Duas semanas depois, na noite do dia 14 de setembro de 1942, a diretoria do Palestra reuniu-se em sessão extraordinária para discutir a exigência dos militares, de mudança total do nome, a despeito de Palestra ser uma palavra grega. Após horas de discussão e resistência, e da sugestão de nomes como Piratininga e Paulista, decidiu-se finalmente por Sociedade Esportiva Palmeiras, em parte pela preservação da letra P nos escudos e símbolos do clube, e em parte em homenagem à Associação Atlética das Palmeiras, clube então extinto mas que sempre manteve excelente relacionamento com o Palestra Itália, tendo fornecido apoio decisivo em diversas ocasiões de litígio com dirigentes do futebol paulista.
A cor vermelha foi retirada, mantendo-se apenas o verde e branco, e no escudo foi removida a letra I, manténdo-se apenas a letra P sobre o fundo verde. Atendidas as exigências das autoridades, o Palmeiras entrou em campo no domingo seguinte para decidir o título do campeonato contra a equipe do São Paulo, trazendo duas novidades:
Para evitar os protestos e vaias contra a equipe, planejados por vários dias pelos torcedores da equipe rival, o "alvi-verde imponente" surgiu com seu vice-presidente, o capitão do Exército Adalberto Mendes liderando a equipe que entrou em campo carregando uma bandeira brasileira. Após alguma indecisão e silêncio, o estádio aplaudiu de pé os jogadores, deixando a rivalidade apenas para a disputa nos gramados. A outra novidade, percebida apenas anos depois, foi a troca da camisa dos goleiros, que eram brancas desde 1914 e que a partir de então passaram a ser azuis, numa sutil homenagem às raízes italianas, através do uniforme da Seleção daquele País, que faz referência às cores reais da Casa de Sabóia.

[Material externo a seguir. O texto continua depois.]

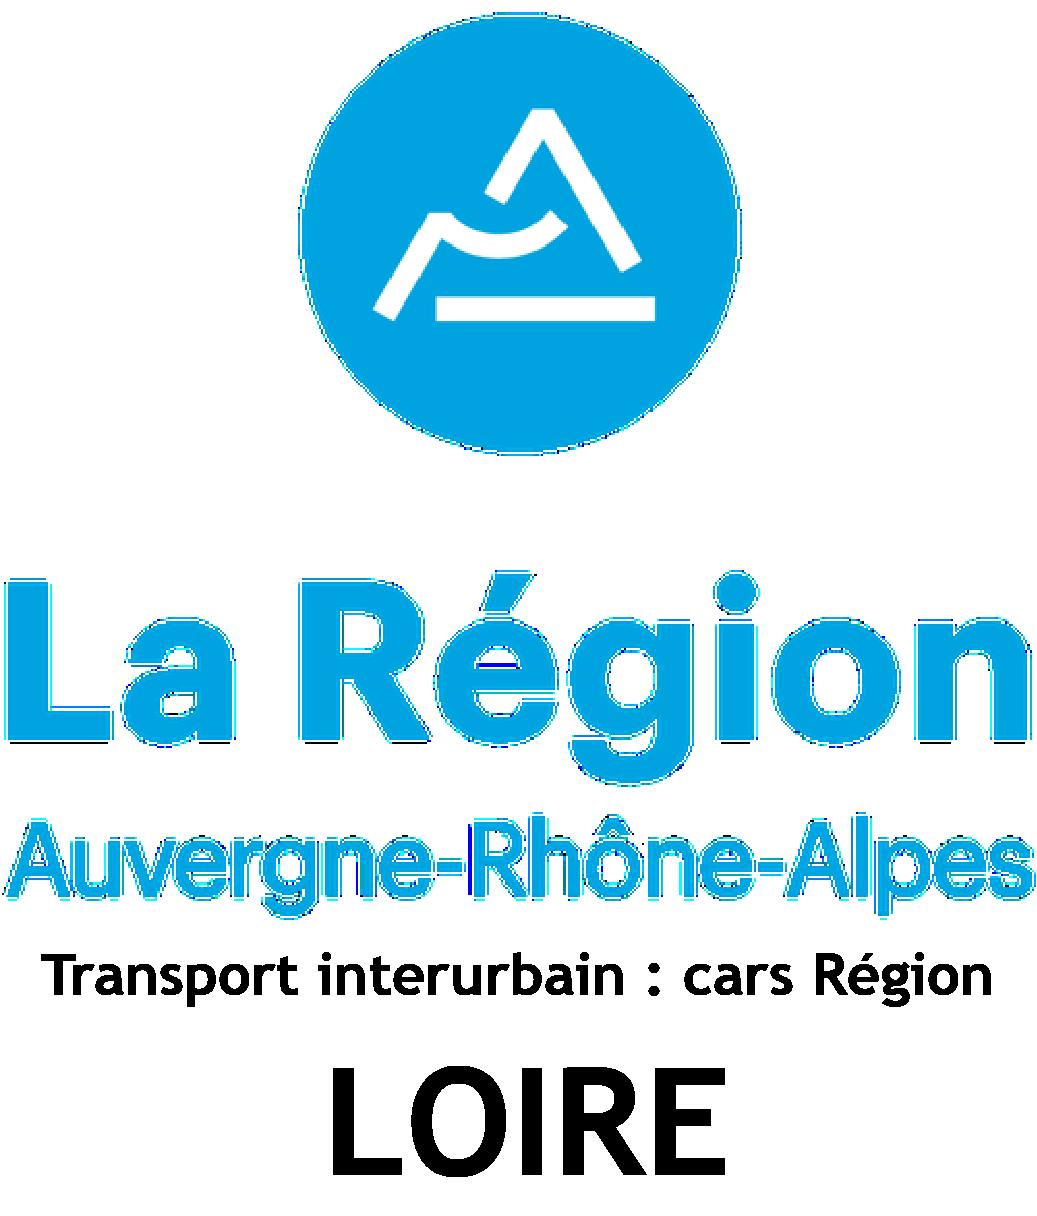 Région Auvergne Rhône Alpes : Loire
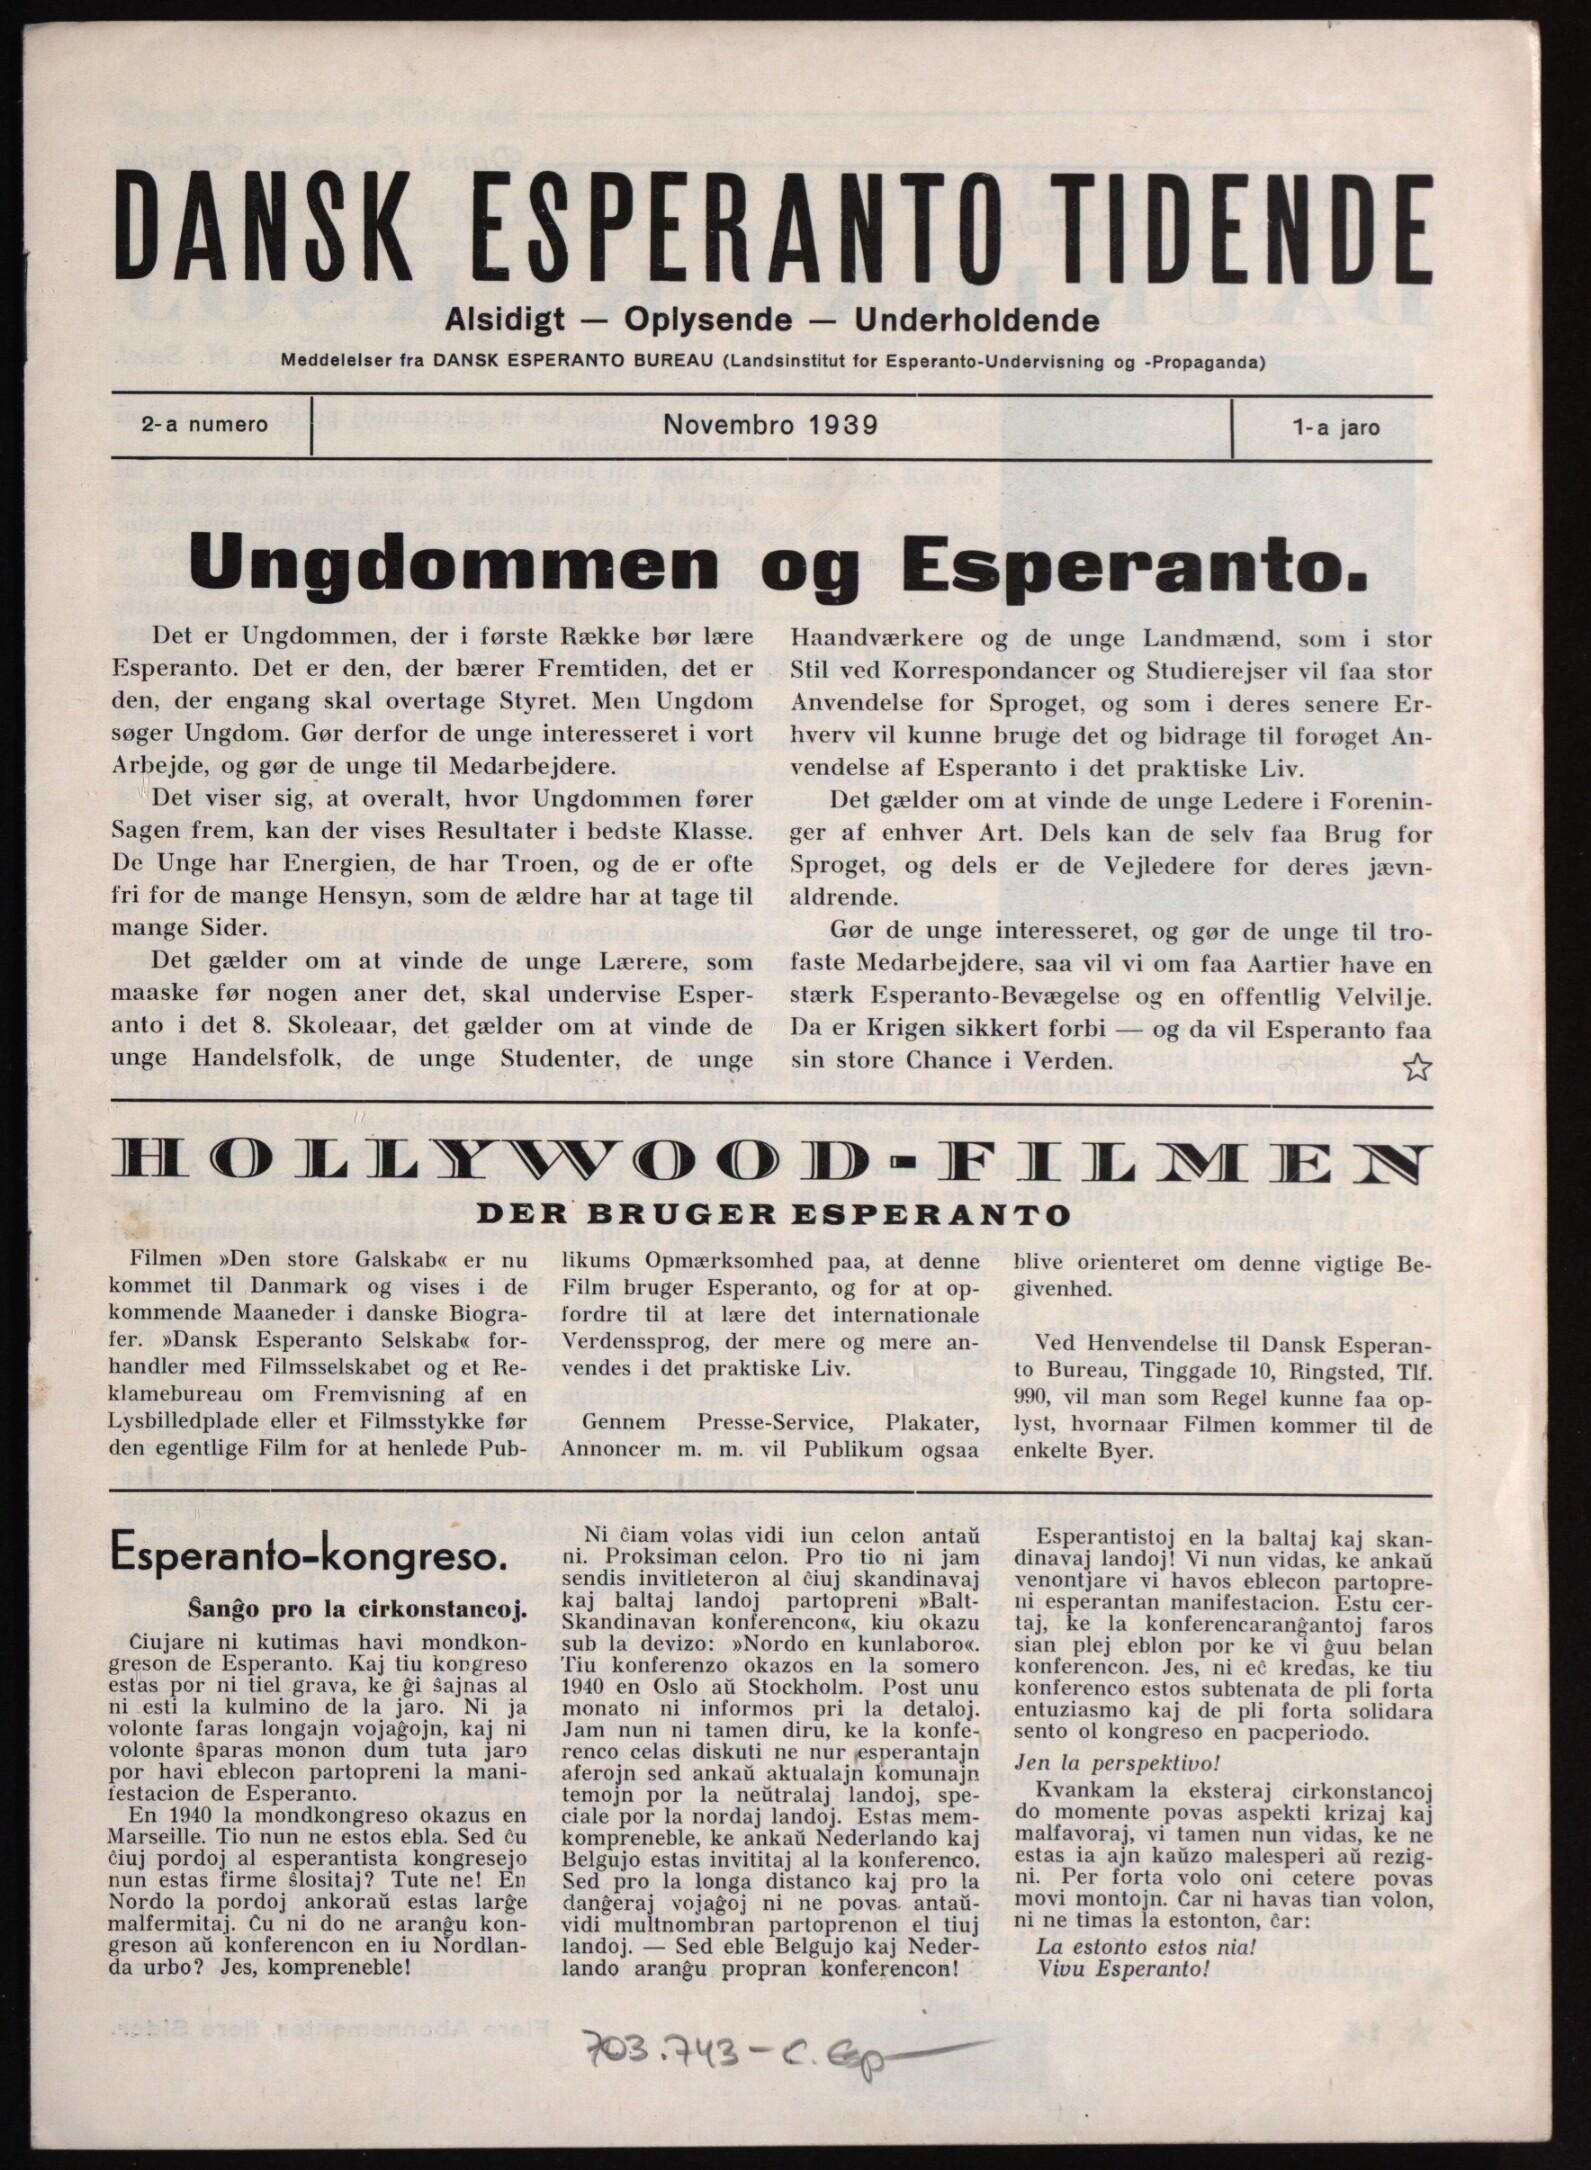 Dansk Esperanto-tidende

Por todos estes ingredientes, esta foi uma partida épica, marcada pela garra e determinação dos jogadores do Palmeiras, que, em sua primeira exibição, impuseram 3 a 1 no rival que ainda abandonou o campo aos 19 minutos do segundo tempo quando havia um penalti a ser batido pela equipe alviverde. Com esse resultado o time conquistou o título paulista com uma rodada de antecipação. Assim, o Palestra morreu líder em 14 de setembro de 1942, e o Palmeiras nasceu campeão uma semana depois, no dia 20 de setembro. Curiosamente, o clube permaneceu invicto durante todos os 6 meses em que se chamou "Palestra de São Paulo".
[editar]O começo de uma nova era
 
kkkkkkk tenho ate dó


hj o timão vai pinta o resto do mundo de preto e branco !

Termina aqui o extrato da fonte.